There was also some discussion about using Linq vs. rich data objects. This ... hmmm ... well, I'll just give my perspective. This is certainly possible with Linq, though certainly not with anonymous types (see http://blog.microsoft-j.net/2008/04/15/LinqAndAnonymousTypes.aspx for a discussion of them). But ... the Linq to Sql classes are generated as partial classes, so you can add to them to your heart's delight. As well as add methods that hit stored procs that aren't directly tied to a data class.  Additionally, you can certainly use Linq to Sql to have existing (or new) rich data classes that you create independently of your data access and then filled from the results of your query. As for the performance of these ... well, at the current moment, I don't have any numbers but I'd venture to guess that the performance would be comparable to anonymous types.

Performance aside, one thing that you also need to consider when looking to use Linq in your projects is not just the performance, but the other benefits that Linq brings to the table. Things like the ease of sorting and filtering the objects returned by Linq to Sql (or Linq to XML for that matter) using Linq to Objects. There is also the (way cool, IMHO) feature that lets you merge data from two different data sources (i.e. Linq to Sql and Linq to XML) into a single collection of objects or a single object hierarchy. Additional capabilities and functionality of one methodology over another are often overlooked when writing ASP.NET applications ... it's simply easier to look at the raw, single user, single page performance without thinking about the data in the holistic context of the overall application. This is, however, somewhat myopic; you need to keep the overall application context in mind when making technology and architecture decisions. This in mind ... hmmm ... off to do a bit more testing. Not sure if I'll do updates first or Linq sorting and filtering vs. DataViews.



Tags: , ,

.NET Stuff | Linq | Performance

Linq vs. ADO.NET - Simple Query

April 16, 2008 12:32 AM

In my last blog post, I took a look at how Linq handles anonymous types. I also promised to do some performance comparisons between Linq and traditional ADO.NET code. Believe it or not, creating a "fair" test is not as easy as one would think, especially when data access is involved. Due to the nature of connection pooling, whichever method is first to be tested gets hit with the cost of creating the connection ... which skews the test. Yeah, I'm sure this is out there in the blogosphere, but I do like to do these things myself. Call it the Not-Invented-Here syndrome.
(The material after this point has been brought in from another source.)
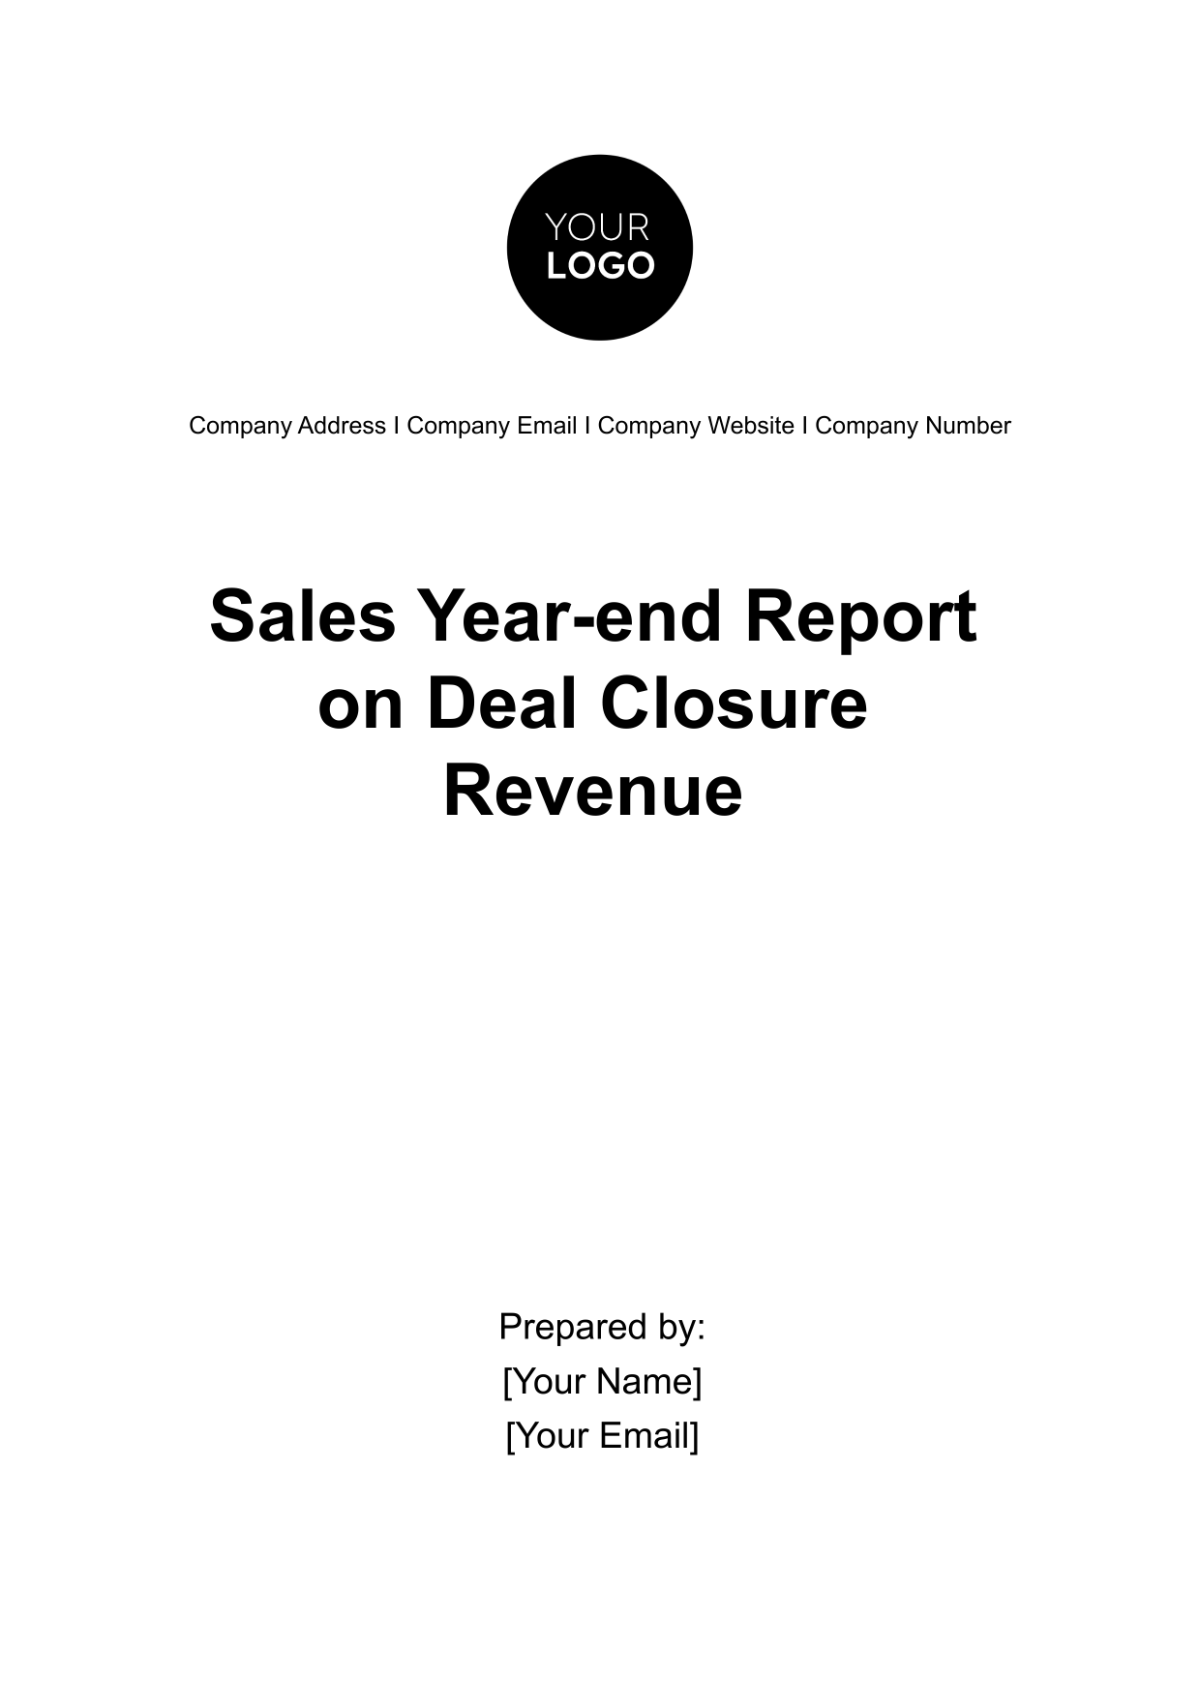 Sales Year-end Report on Deal Closure Revenue Template

This particular test set is for a very simple query. I created a set of 4 methods to test for performance within a standard Windows Console Application, which should give an overall comparison of data access. All tests used the AdventureWorks sample database, with the statement (or its Linq equivalent) Select FirstName, LastName From Person.Contact. This is about as simple a query as you can get. From there, each method concatenated the two field results into a single string value ... The Linq test used an anonymous type going against a data class created with the Data Class designer. Data Reader Test 1 (DataReaderIndex) used the strongly-typed DataReader.GetString(index) ... and I did cheat a little with this one by hardcoding the index rather than looking it up before entering the loop (though this is how I'd do it in the "real world"). In previous tests that I've done, I've found that this gives about 10-20% better performance than DataReader[columnName].ToString() ... though that does include the "lookup" that I mentioned previously. Data Reader Test 2 represents the more common pattern that I've seen out there ... using DataReader[columnName].ToString(). Now, I'm not sure which of these methods Data Binding uses and, honestly, that's not in the test ... though, now that I think of it, it may be a good thing to test as well. Finally, I included a test for DataSets (TestDataSet) ... using an untyped DataSet. I've found (again, from previous tests) that this performs far better than a typed DataSet ... the typed DataSet gets hit (hard) by the creation/initialization costs. Before running any tests, I included a method called InitializeConnectionPool, which creates and opens a connection, creates a command with the Sql statement (to cache the access plan), calls ExecuteNonQuery and then exits. This is not included in the results, but is a key part of making sure that the test is as fair as possible. Additionally, all of the tests access the connection string in the same way ... using the application properties. In looking at the code generated by the LinqToSql class, this is how they get the connection string. This ensures that the connection string for all methods is the same, which means that the connection pools will be the same.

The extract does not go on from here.